# how much can it hang over the back



## breamboy (Nov 2, 2005)

Hi all just a quick question i have a ute and was woundering how much the yak can hang out the back of it as i dont have bars it will just sit in the tub and also is there a law for it.

cheers 
Tim


----------



## mehi (May 25, 2009)

I think its 1.2 mtrs providing you can see your tail lights. But your probably better to check with the transport department

Cheers Dave


----------



## blaggon (Jan 14, 2008)

yes i believe it is 1.2m overhang in NSW


----------



## GoneFishn (May 17, 2007)

This should help you out
http://www.vicroads.vic.gov.au/NR/rdonl ... n01833.pdf


----------



## breamboy (Nov 2, 2005)

thanks heaps guys


----------



## Big D (Apr 28, 2007)

Looking at the link above it seems that no rear overhang is allowed at all???? Is this right


----------



## outbreakmonkey (Aug 31, 2009)

If you read the fine print there isn't really a maximum overhang provided that anything over 1.2m has a flag attached during the day and a red light at night. This is assuming that the copper considers it 'difficult' for the following driver to see the load in the first place.

In all honesty I think it'd be incredibly unlucky for a vic copper to pull you over for such a thing. They're too busy harassing people for being a few kph over the limit on dead straight open highways with little traffic......


----------



## tomca (Dec 1, 2007)

I got caught out by qld rules last year. 
If the load is more than 1m over the back, a flag needs to be hanging off it. 
BUT....the load cannot extend more than 60% of the wheelbase past the rear axle. Cost me $$$ to learn that extra bit, its not linked to the info that tells of the 1 metre rule


----------



## kayaksportsmark (Apr 1, 2009)

For those in Qld check this link http://www.transport.qld.gov.au/Home/Safety/Road/Standards/Projecting_loads/

I have been told you cannot have anything sticking out more than 60% of the wheel base length from the rear axle.
For example: if the distance from front axle to rear axle is 2m then from rear axle to end of load or in this case the end of the kayak is 1.2m So it isnt 1.2m from the back of the vehicle. Its 1.2m from the rear axle.

I always use a red flag hanging off the kayak when its sticking out behind the ute regardless of the length because people are stupid and dont look where they are going.


----------



## butts (Oct 7, 2007)

Gday All

I was told it was 1m past your number plate (vehicle or trailor).

Butts...


----------



## DnN (Oct 5, 2008)

In QLD the laws relating to overhang is based on the wheel base of the vehicle.
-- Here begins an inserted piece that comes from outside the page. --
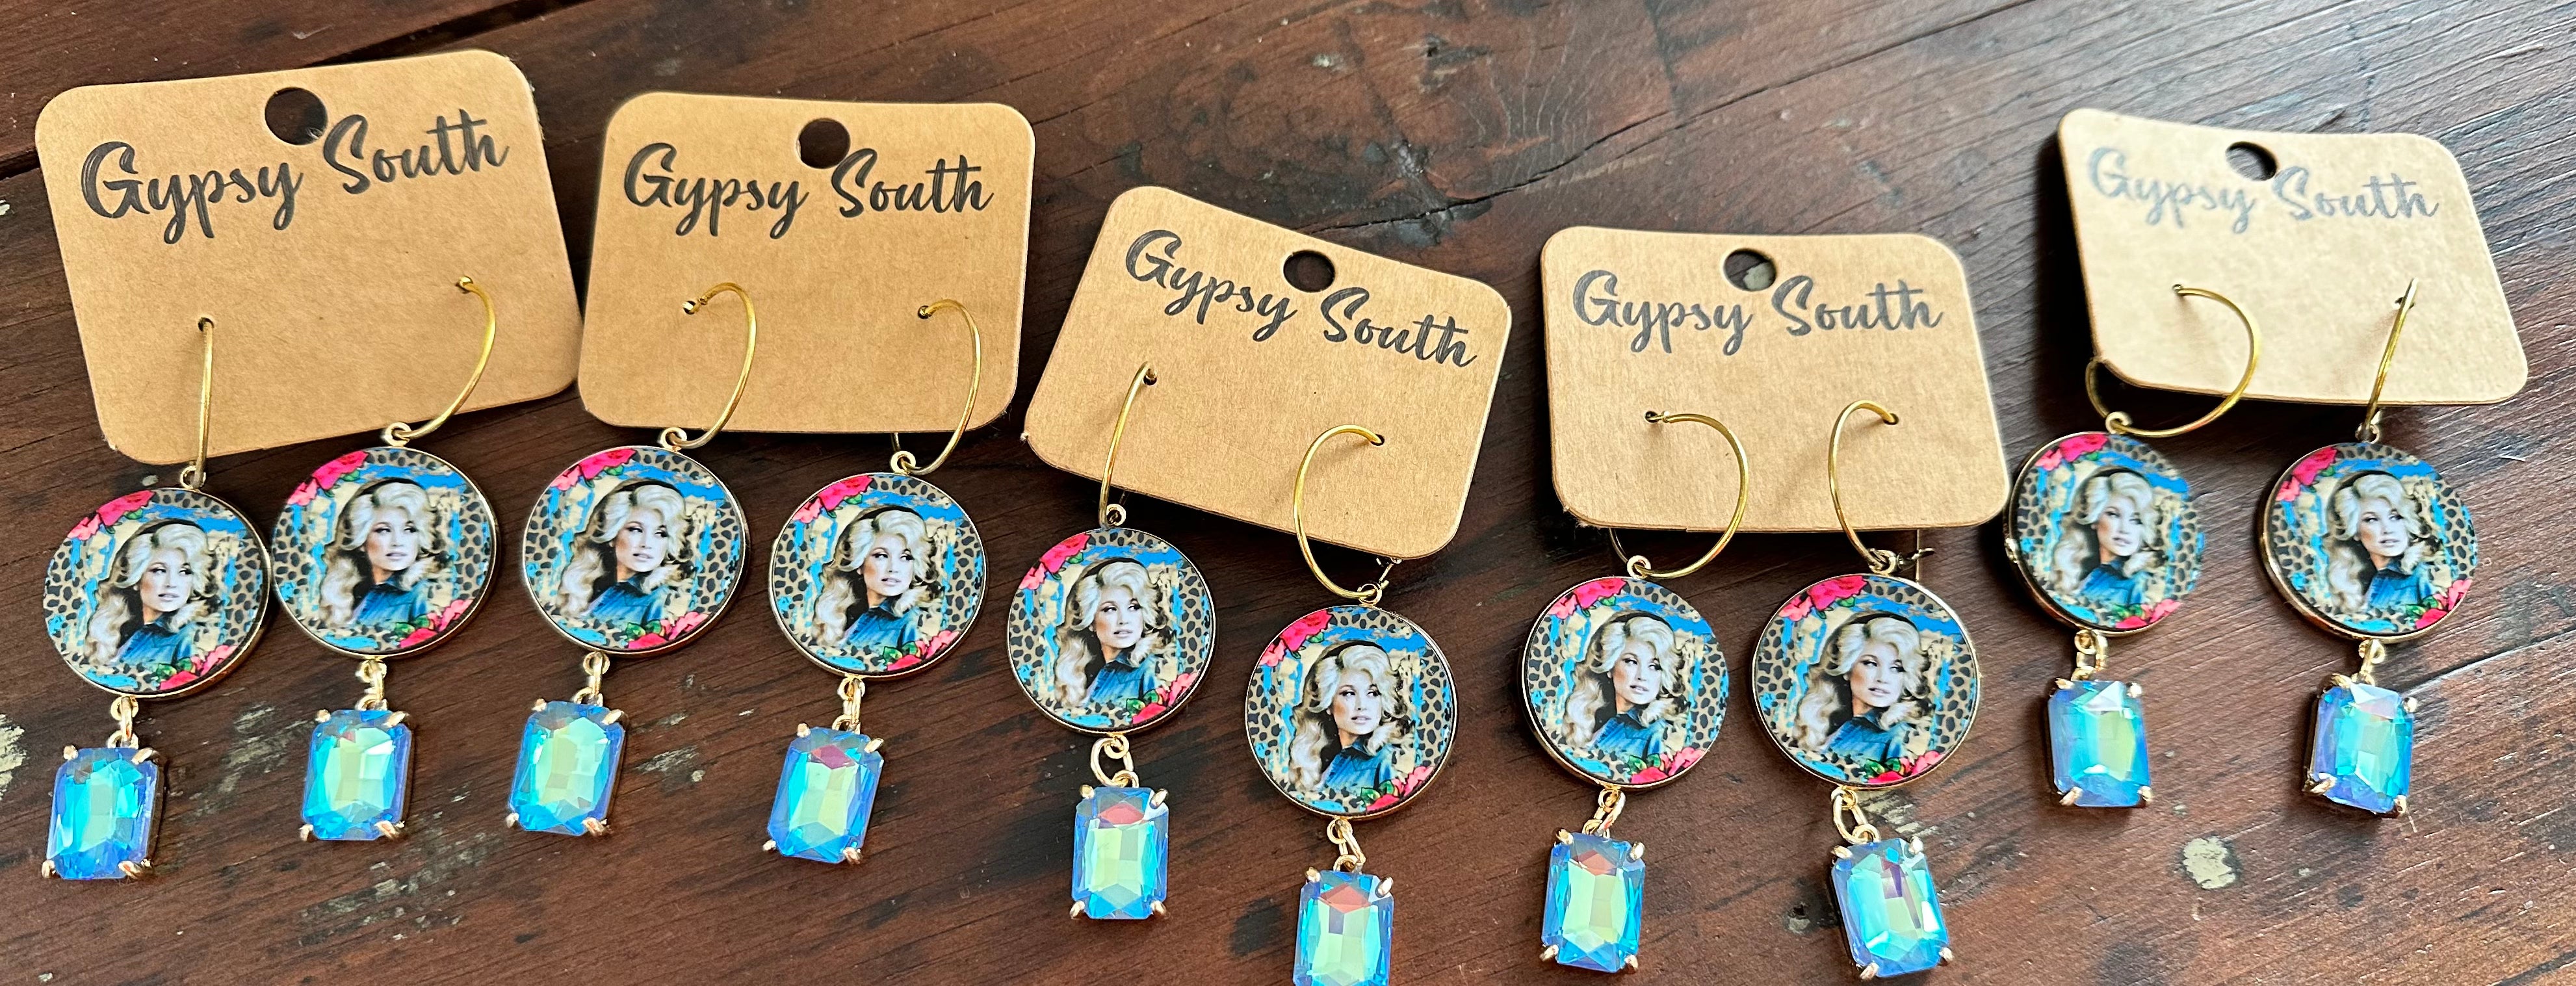 Gypsy South Dazzling Dolly Earrings

Regardelss of the vehicle, it is not alwys legal to overhang by 1m. In fact, with many vehicles, especially utes, they are built to their maximum length, not allowing any overhang at all.

The simple calculations is that it is 60% of the wheel base, or 3.7m, which ever is the less. And for the majority of vehicles it is the 60% calculation. The calculation is measured from the centre of one wheel to the centre of the other (or axle group if it is a bogey rear end). The fine at the moment in QLD is about $100, it used to $75 till aunty anna wanted more money.
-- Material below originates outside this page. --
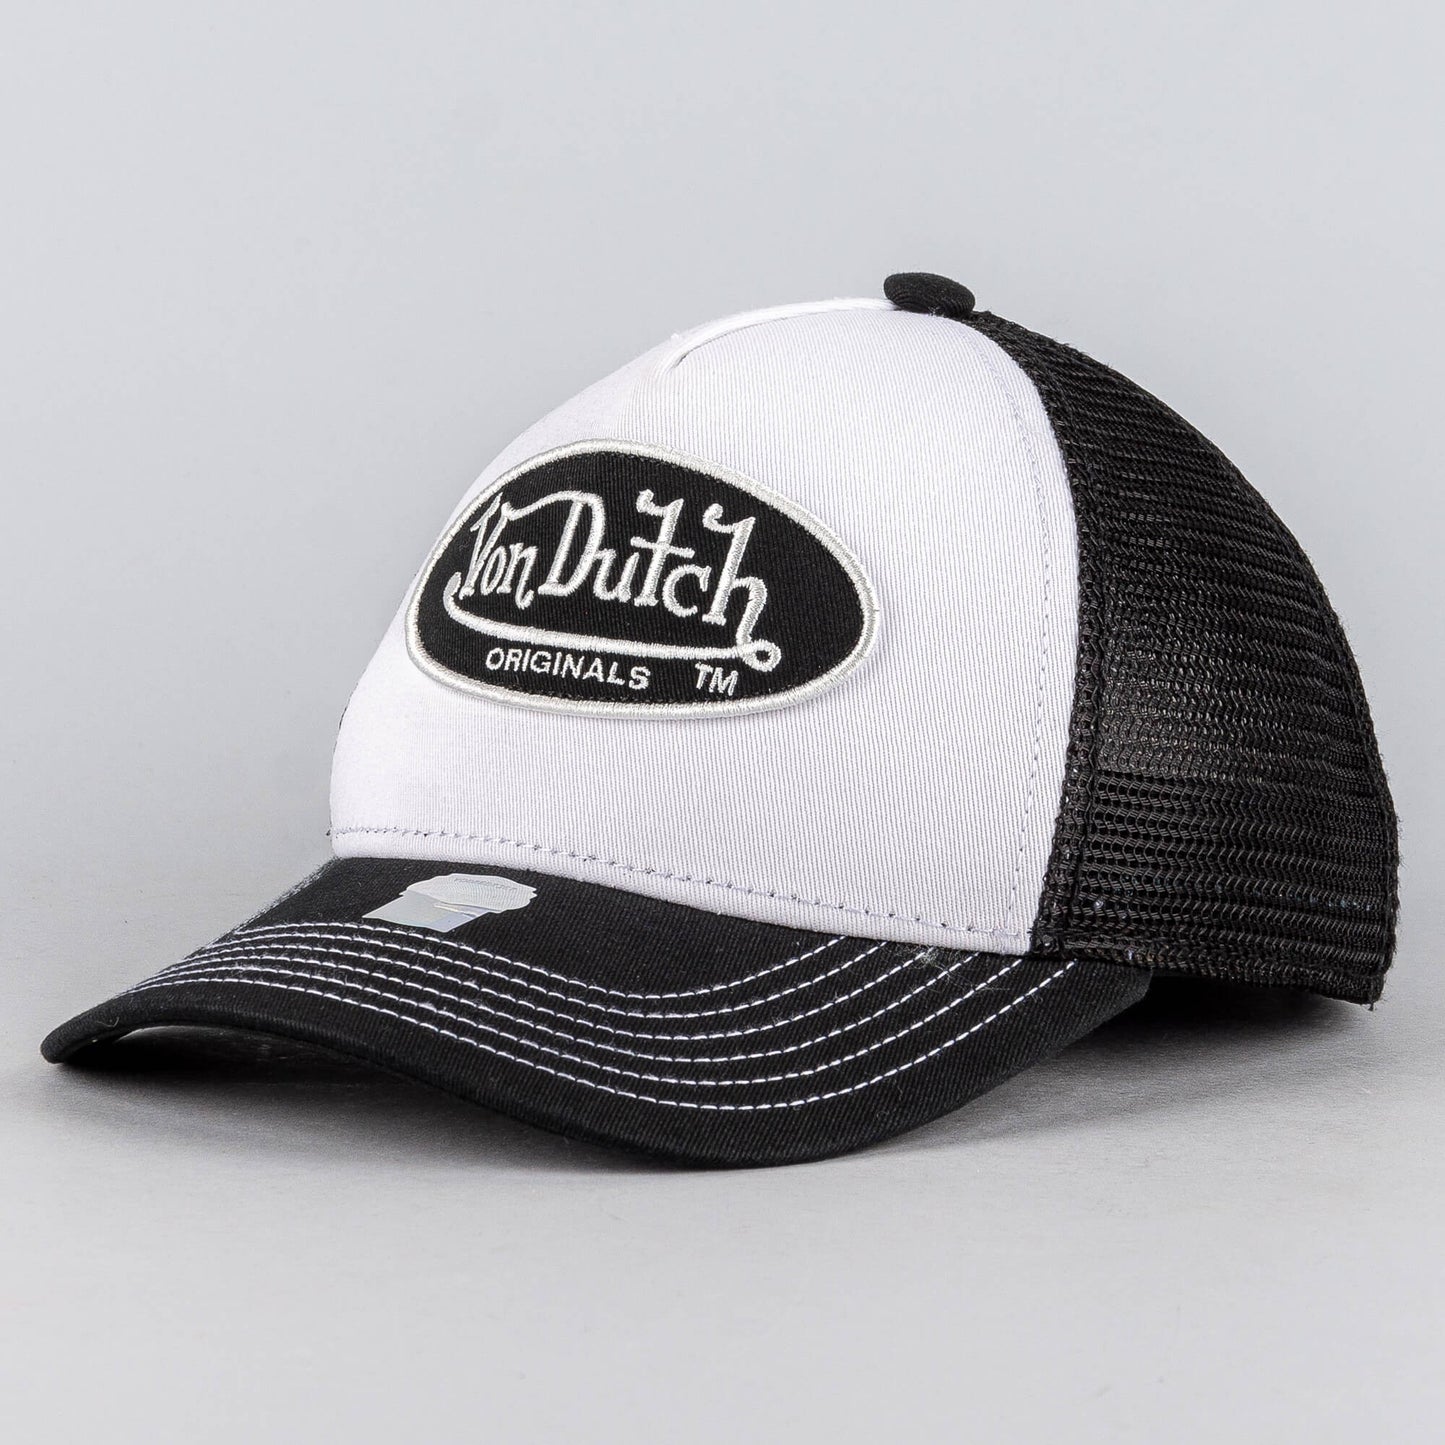 Von Dutch Originals Trucker Boston Oval Patch Cot/Twi White/Black

Yes, i realise that these are QLD laws, but i would almost bet that they have something similar, otherwise you would have idiots making utes and trucks with great big long trays on them, and still wanting to put overhang out the back of them.
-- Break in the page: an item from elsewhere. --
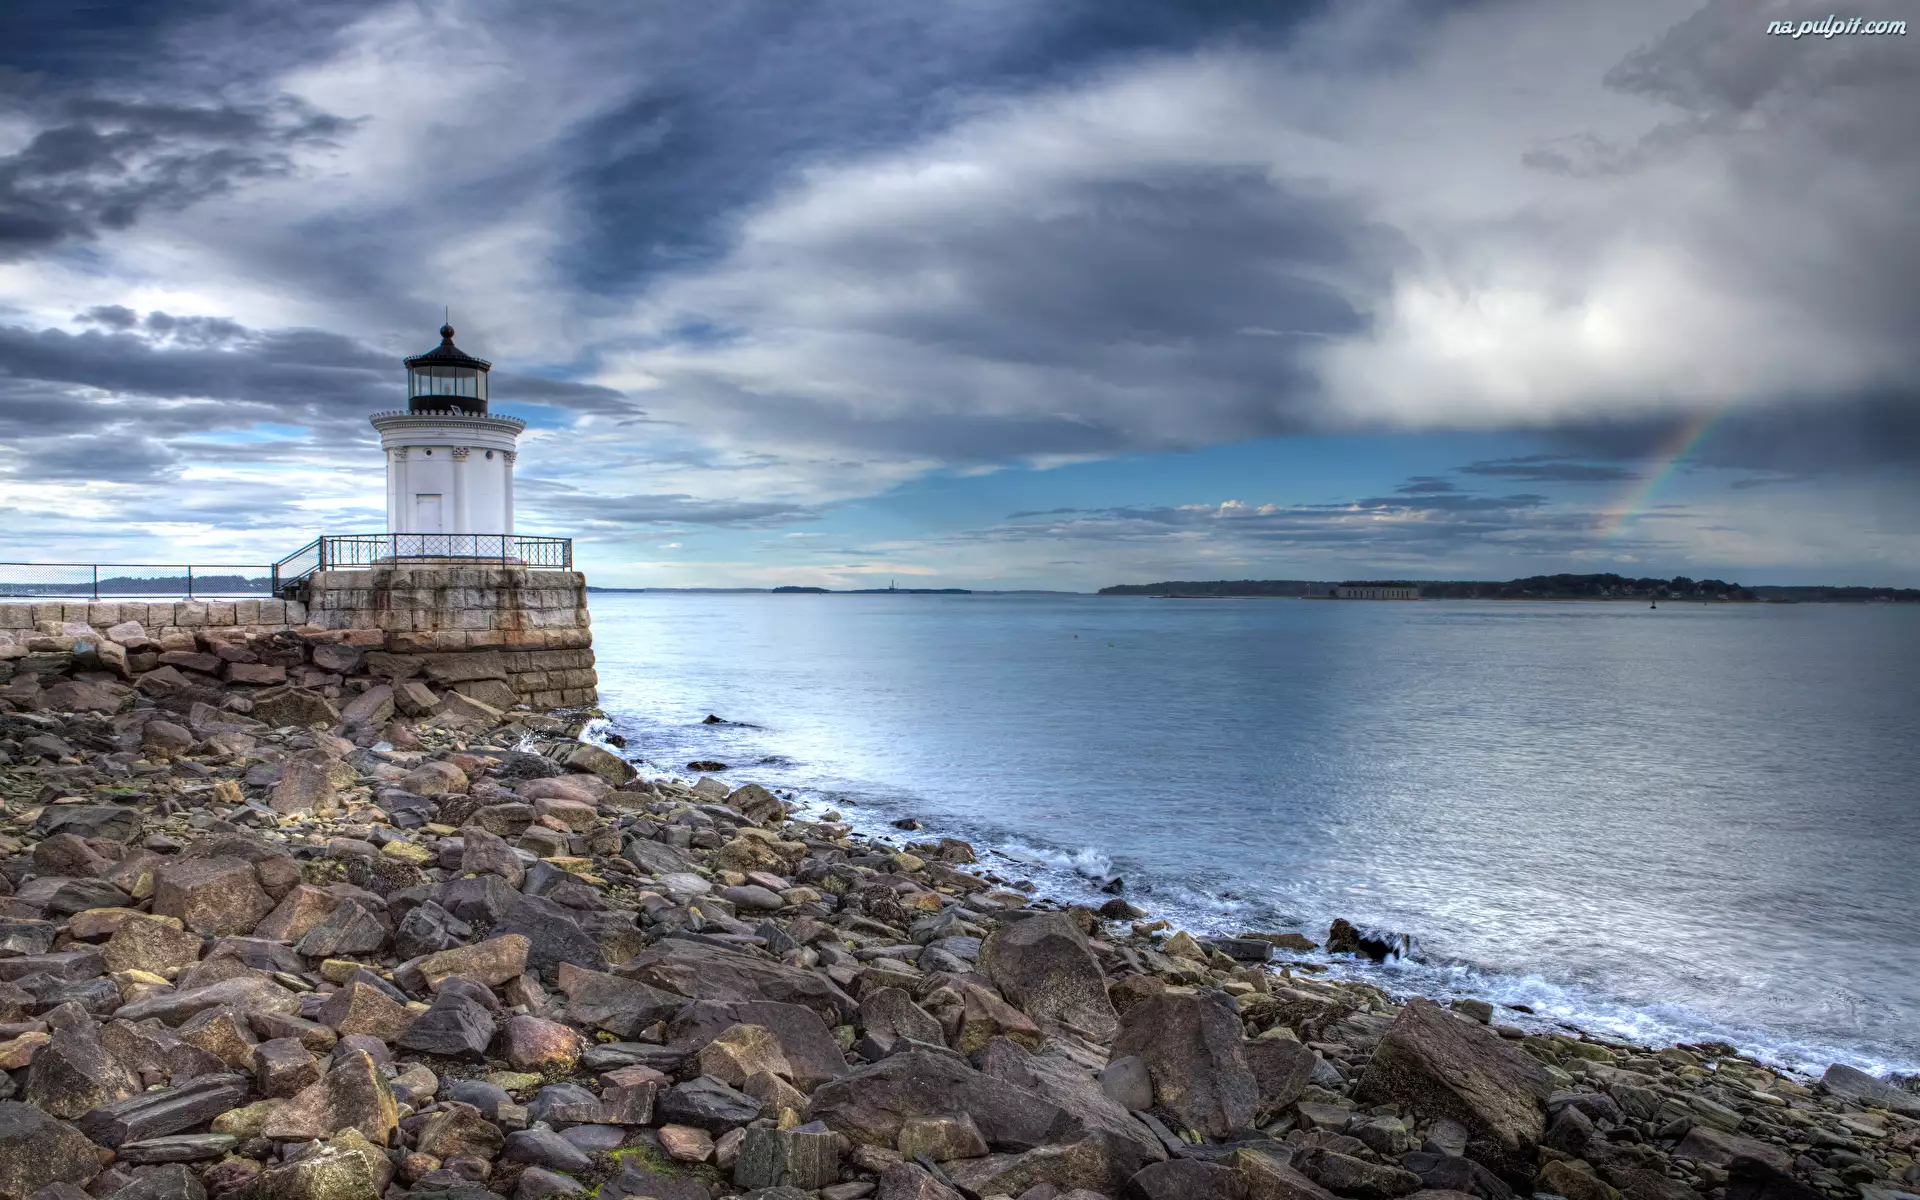 Stan Maine, Stany Zjednoczone, Kamienie, Tęcza, Latarnia morska Portland Breakwater Light, Morze

To help understand a little more, there are actually to seperate infringements, one for length - eg a prime mover/semi trailer can only be 19 meters long by construction, full stop. however, its load is allowed to over hang 60% or 3.7m (which ever is the lessor), unless of course its tray/trailer is built to the maximum overhang.

here is a link to a brochure concerning QLD laws, but i'd bet my house on it that other states have something simliar.
http://www.transport.qld.gov.au/resourc ... ochure.pdf

At the other end, it is legal to have over hang 1.2m past headlights at the front.

Hope this helps and confuses some more....


----------